◆ Data extracts:
--- START ---

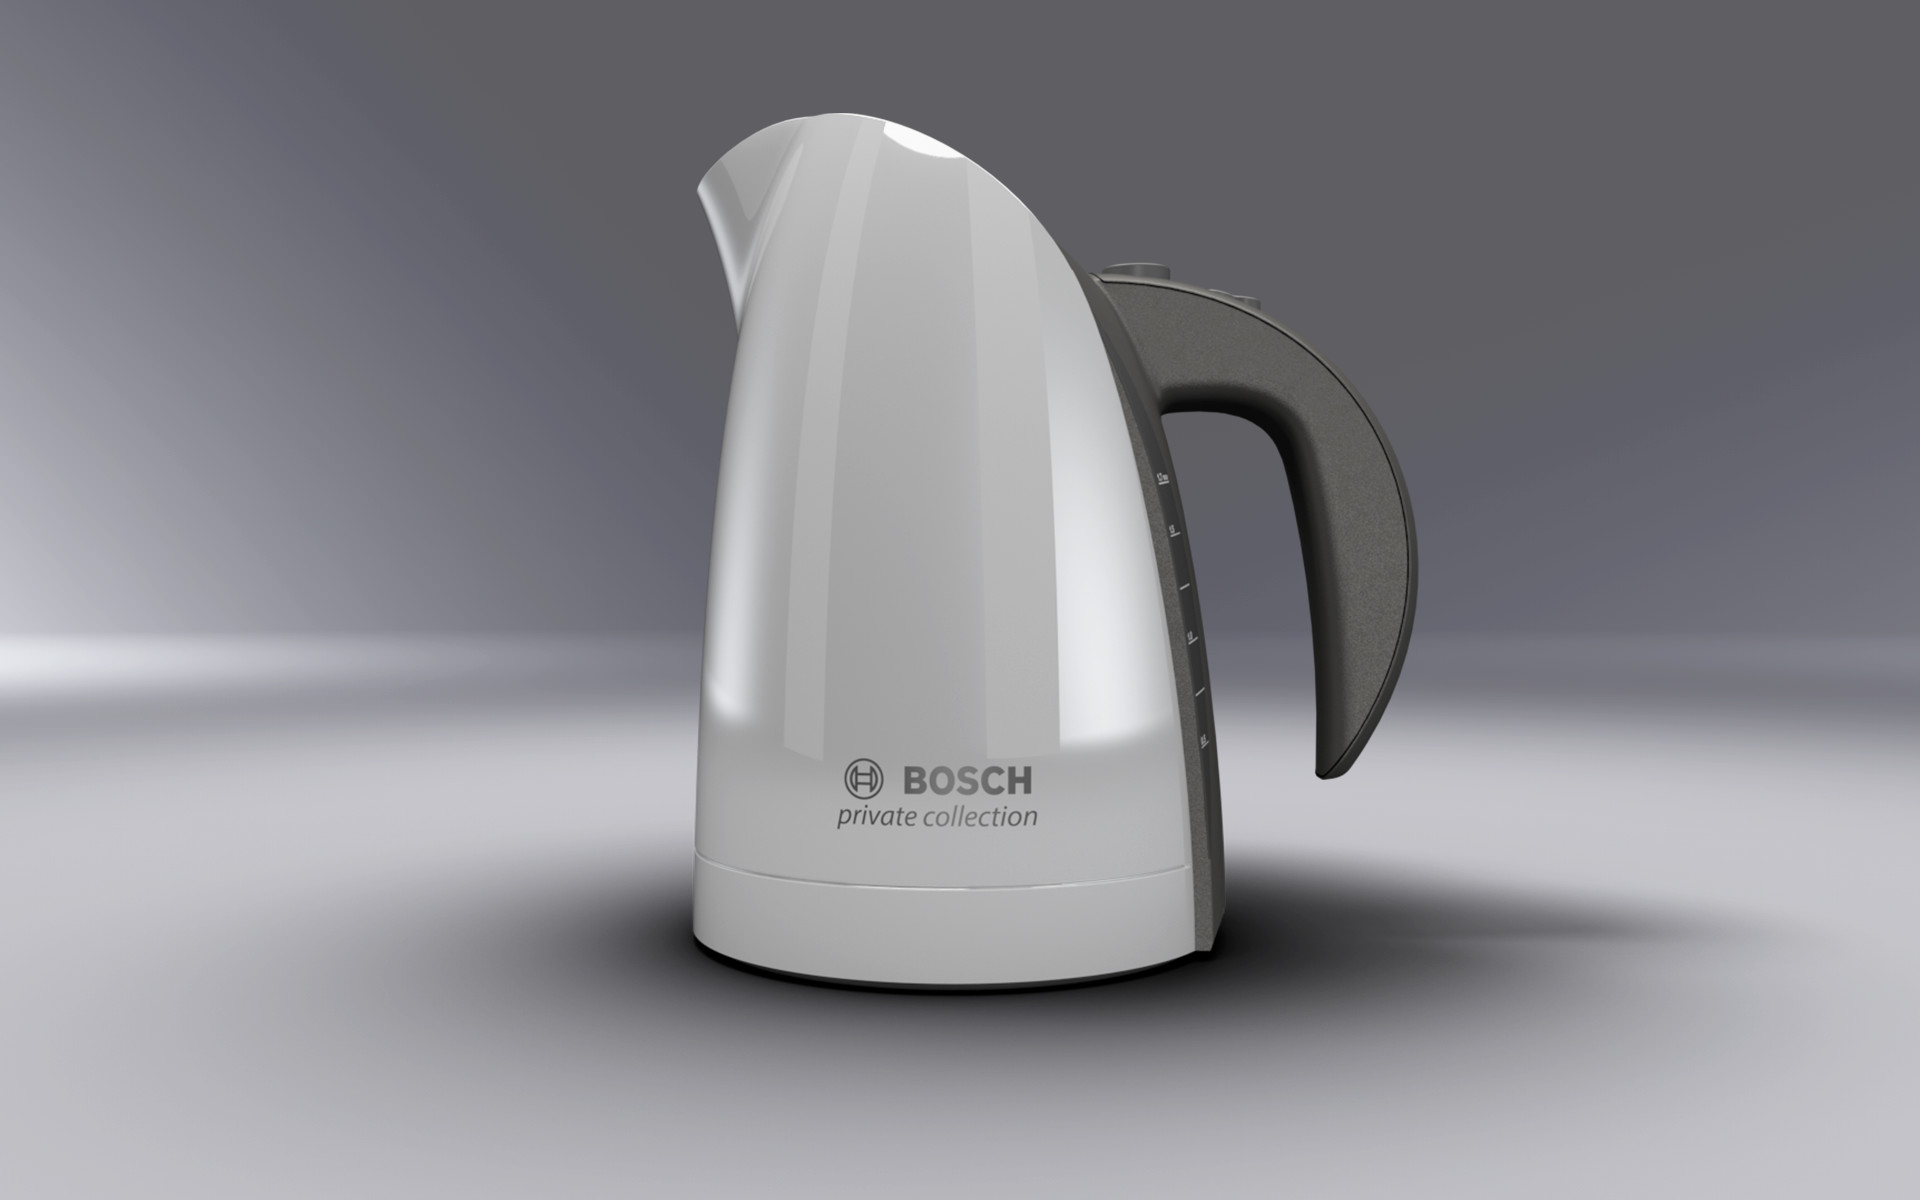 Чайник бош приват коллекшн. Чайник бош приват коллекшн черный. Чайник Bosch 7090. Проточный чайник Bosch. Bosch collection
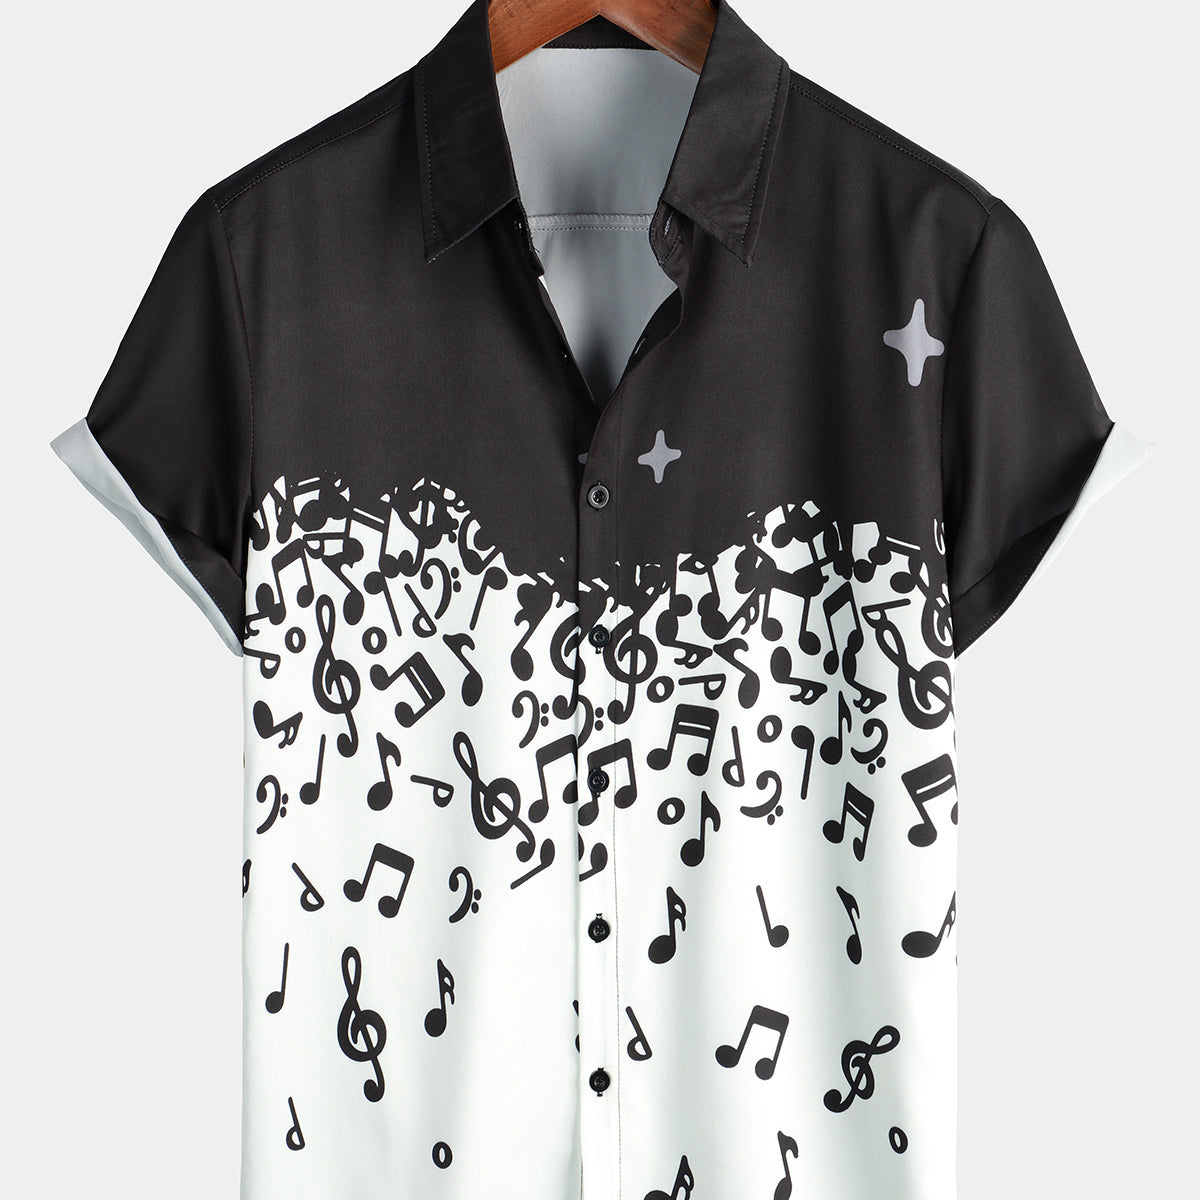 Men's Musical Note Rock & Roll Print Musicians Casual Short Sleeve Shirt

--- END ---
--- START ---

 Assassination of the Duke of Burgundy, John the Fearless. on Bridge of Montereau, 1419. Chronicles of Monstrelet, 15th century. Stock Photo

--- END ---
--- START ---

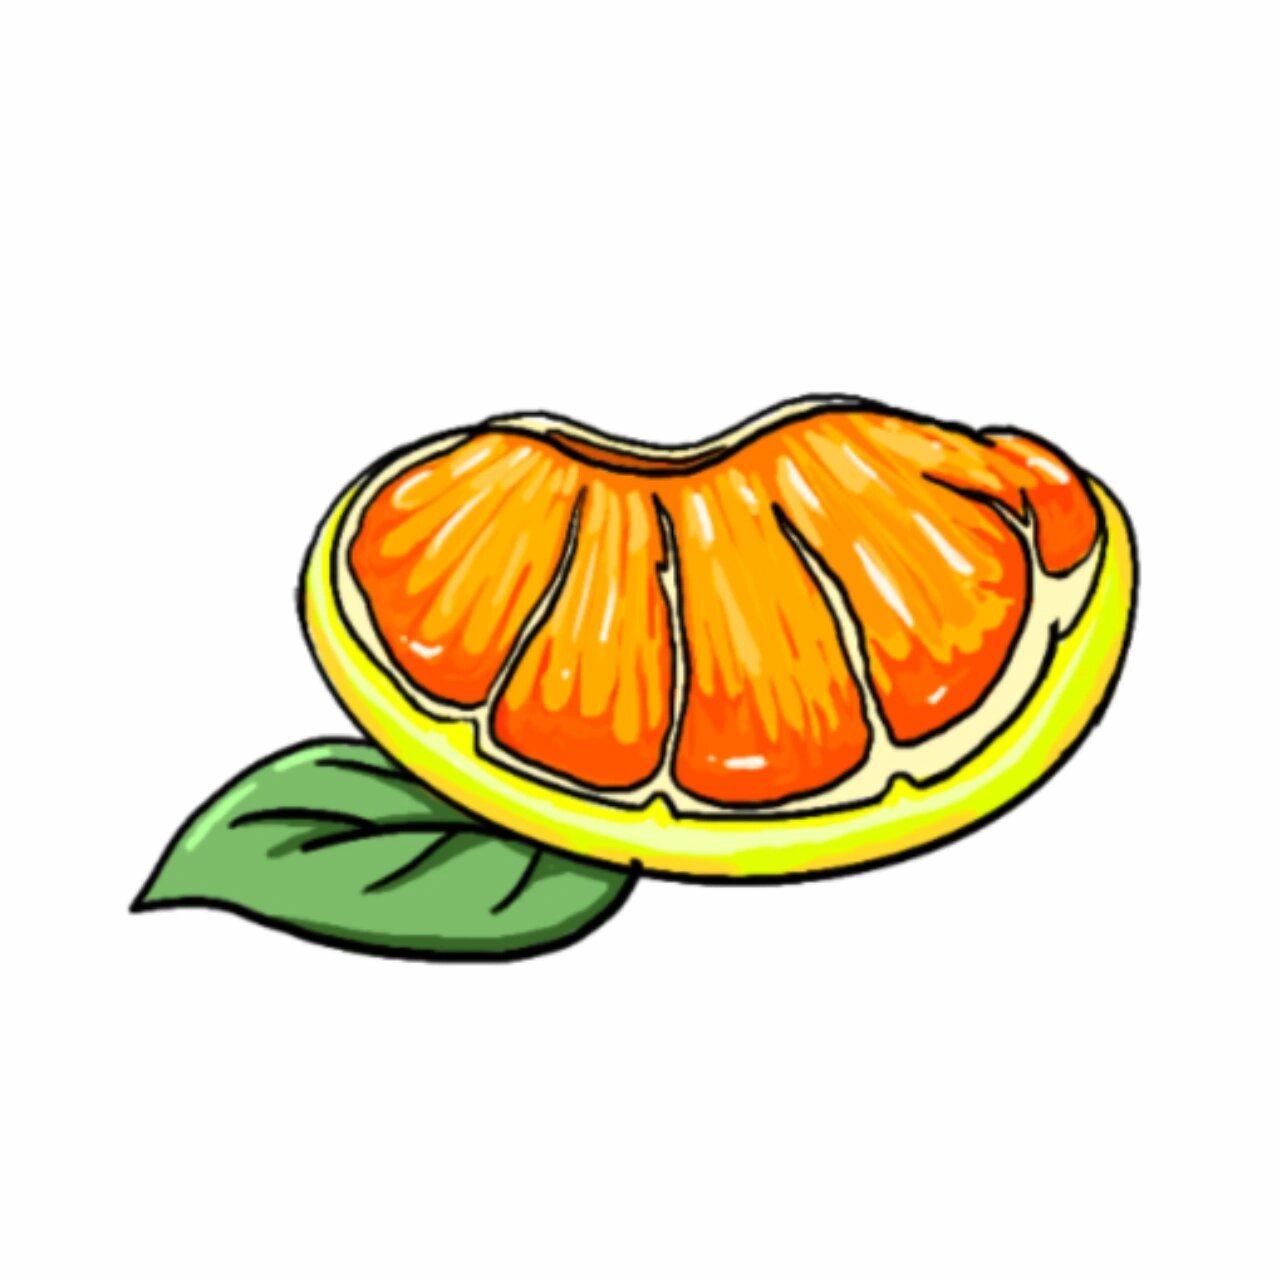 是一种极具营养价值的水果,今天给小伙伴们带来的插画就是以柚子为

--- END ---

Return exactly the lines that appear in the data above between the line containing "Чайник бош приват коллекшн." and the line containing "Men's Musical Note", both of which are included, and leave the pictures out.

 Чайник бош приват коллекшн. Чайник бош приват коллекшн черный. Чайник Bosch 7090. Проточный чайник Bosch. Bosch collection
 Men's Musical Note Rock & Roll Print Musicians Casual Short Sleeve Shirt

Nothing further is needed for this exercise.